How does anchor corresponds to glyph positioning feature in Fontlab 7?

thanathana Posts: 4
edited April 2022 in Type Design Software
I'm using Fontlab 7 (7.2.0.7649) on Windows to create a Thai font. I created 3 glyphs with several anchors named as follows.



After I generated mark and mkmk features using the auto features by Fontlab, here is the result when I combined those 3 glyphs (in order from left to right of the image above) together and turned the mark and mkmk features on. It seems that top anchor is attached to bottom.



What I expect is the following.



And I also expect it to be able to do the following.



What was wrong here? What should I do to achieve the expected result? 
I'm fairly new to type design. Thank you in advance for your reply.

Comments

  • John HudsonJohn Hudson Posts: 2,955
    It looks like the bottom mark is interfering with the positioning of the top mark, which indicates that the mark feature lookups are not filtered by mark class. I don’t use FL7’s built in mark code generation, so am not sure how it works, but have seen similar problems in other fonts and from other tools.

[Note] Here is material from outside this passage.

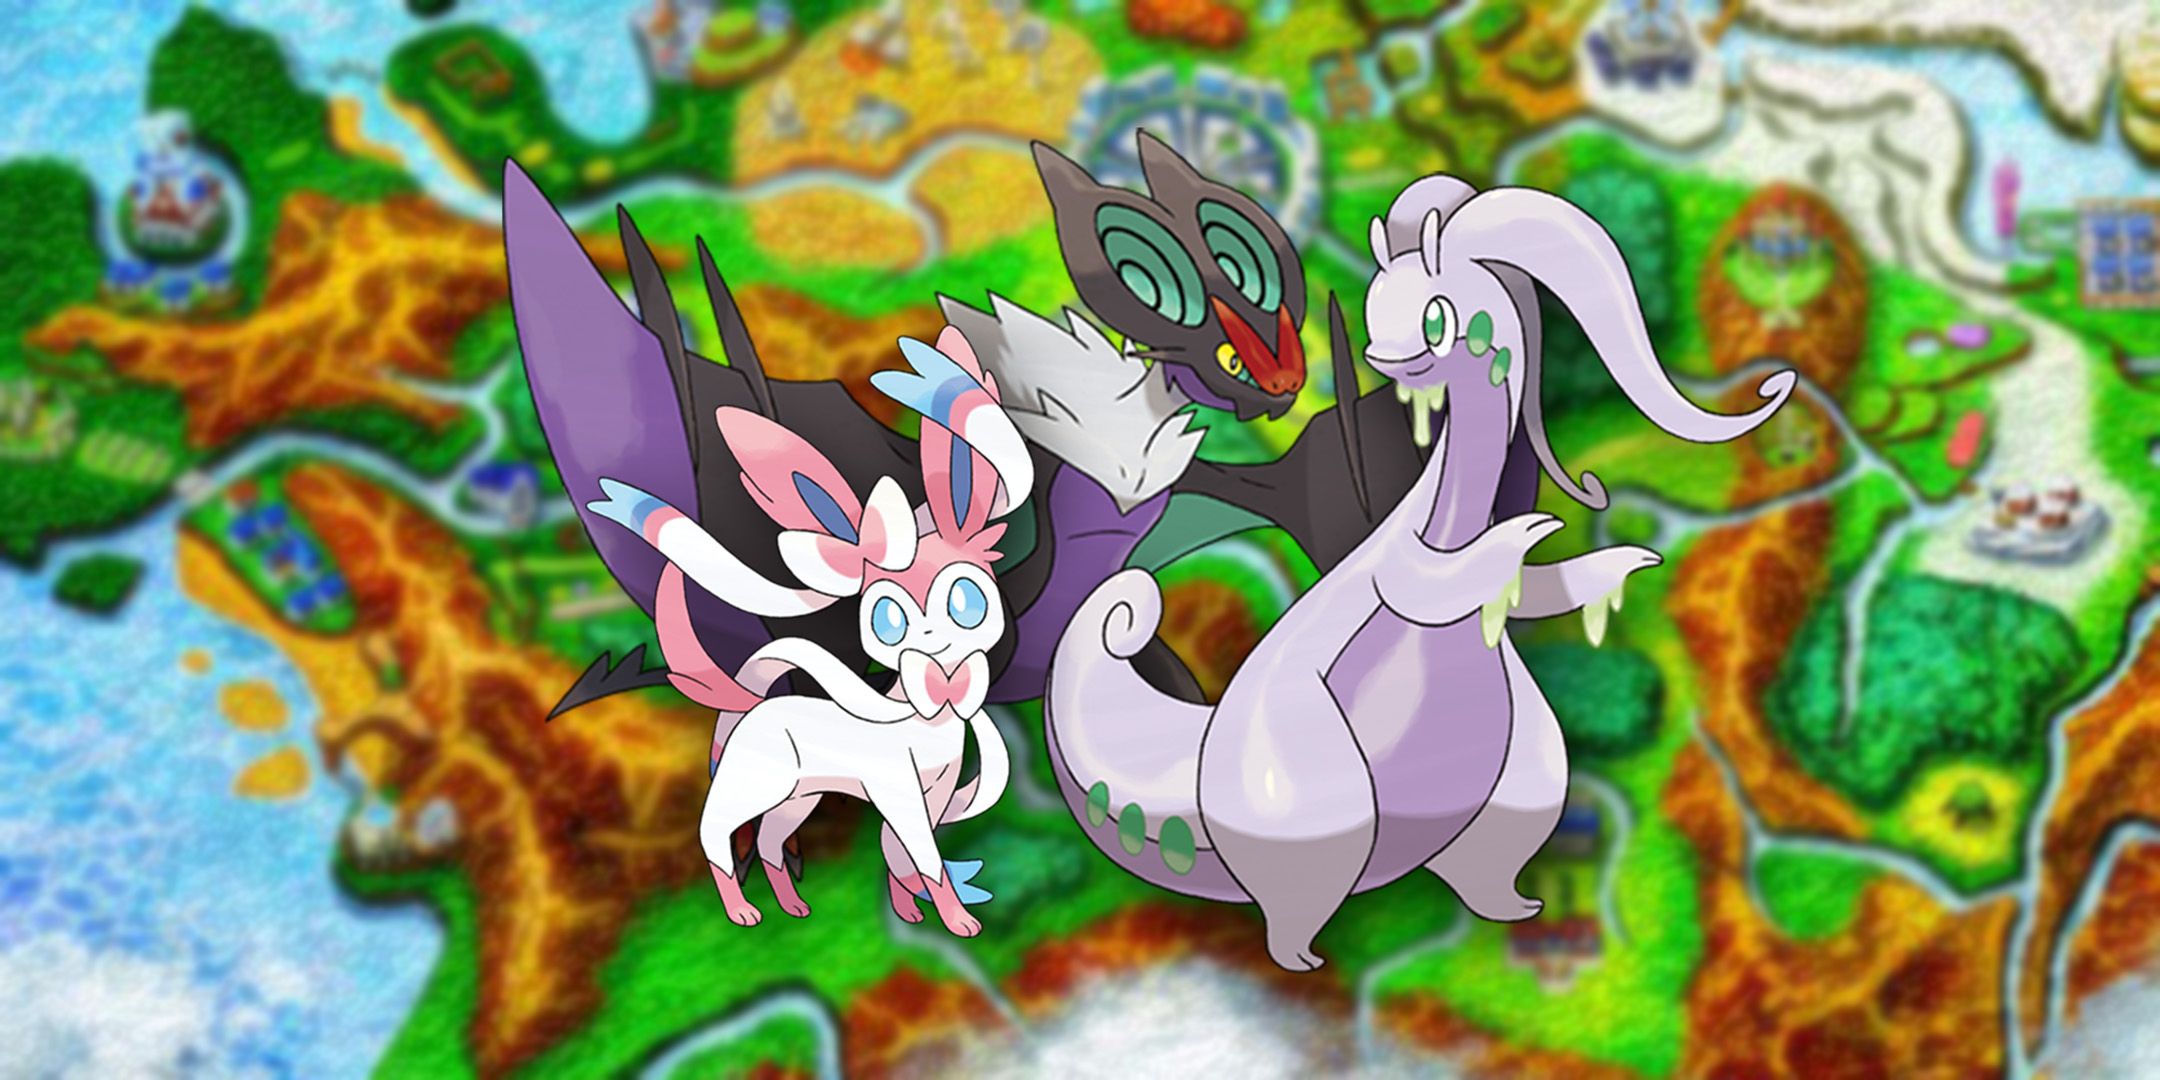 Sylveon, Noivern, and Goodra standing in front of a map of the Kalos region

    What should be happening is that mark feature lookups have process mark filters set so that the lookup for the top marks only processes top marks, and the lookup for bottom marks only processes bottom marks. If the lookup for top marks is not filtered in this way, then the presence of the bottom mark interferes with the positioning of the top mark on the base.
  • thanathana Posts: 4
    I think you're right.

    Unless there are settings for this, I suspect that this is a Fontlab bug. I tried the same thing on Glyphs, exactly the same naming of anchors, and there is no problem at all.

    I will try to file this issue to Fontlab support and see if this is a bug or I simply misconfigured something.


  • thanathana Posts: 4
    edited April 2022
    Somehow I now believe that this is a problem with 'mkmk' feature generation in Fontlab.

    I tried comparing features generated by Fontlab to Glyphs and 'mark' is nearly identical while 'mkmk' is significantly different. 

    I found out that Glyphs is doing something behind the scene at the time of feature generationit creates an additional set of anchors at the same position and it uses one set for mark and another set for mkmk while Fontlab uses the same name of anchors for both mark and mkmk features.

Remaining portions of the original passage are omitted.